When Steve is not vetting commercial real estate syndications in the evenings, he is stomping out eye diseases and improving vision during the day as an ophthalmologist. He enjoys playing in his tennis and pickleball leagues and rooting for his Buckeyes and Steelers football teams. In the past several years, he took up running and has completed three full marathons, including the New York City Marathon. He is always on a quest to find great pizza, BBQ brisket, and bourbon. He enjoys traveling with his wife and their three adult kids. They usually go on a medical mission trip once a year to southern Mexico to provide eye surgeries and glasses to the residents. Steve has enjoyed being a part of Left Field Investors to help others learn about the merits of passive, real asset investments.

Sean Donnelly

Chief Culture Officer, Founder

Sean holds a W2 job in the finance sector and began his real estate investing journey shortly after earning his MBA. Unfortunately, it could not have begun at a worse time … anyone remember 2007 … but even the recession provided worthy lessons. Sean stayed in the game continuing to find his place, progressing from flipping to owning single and multi-family rentals to now funding opportunities through syndications. While Sean is still heavily invested in the equities market and holds a small portfolio of rentals, he strongly believes passive investing is the best way to offset the cyclical nature of traditional investment vehicles as well as avoid the headaches of direct property ownership. Through consistent cash flow, long term yield and available tax benefits, the diversification offered with passive investing brings a welcomed balance to an otherwise turbulent investing scheme. What Sean likes most about the syndication space is that the investment opportunities are not “one size fits all” and the community of investors genuinely want to help.
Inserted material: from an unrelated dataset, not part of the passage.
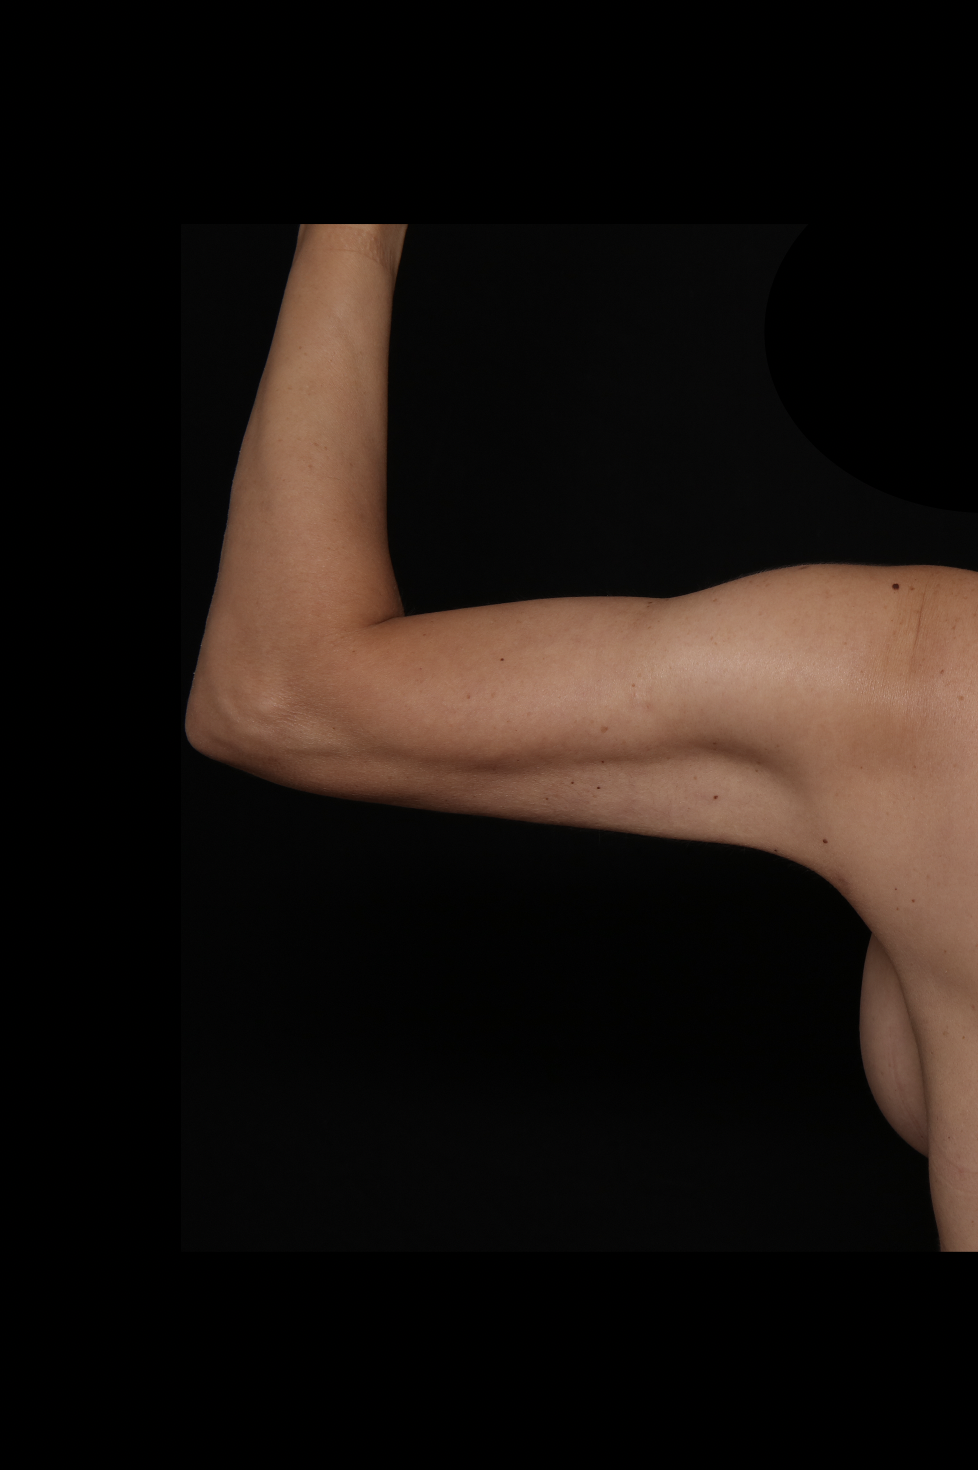 After Arm Procedure - Arm Liposuction & Magic Tight®

He earned a B.S. in Finance from Iowa State University in 1995 and a MBA from Otterbein University in 2007. Sean has lived in eight states but has called Ohio home for the last 20+.  When not attending his children’s various school/sporting events, Sean can be found running, golfing, shooting or fly-fishing.

Patrick Wills

Chief Information Officer, Advisory Partner

An active real estate investor since 2017, Patrick Wills’ investing journey began like many others – after reading the “purple book” by Robert Kiyosaki. Patrick started with single family rentals, and while they performed well, he quickly realized their inability to scale efficiently while remaining passive. He discovered syndications via podcasts and local meetups and never looked back. He joined Left Field Investors in 2022 as a member and has quickly become an integral part of the team as Vice President of Technology.

An I.T. Systems Engineer by trade, he experienced the limitations of traditional Wall Street investing firsthand in his career and knew there had to be a better way to truly have financial freedom.

Unfortunately, that better way is inaccessible to those who need it most. His mission is to make alternative investments accessible to everyone who seeks to take control of their financial future and to pursue their passions in life.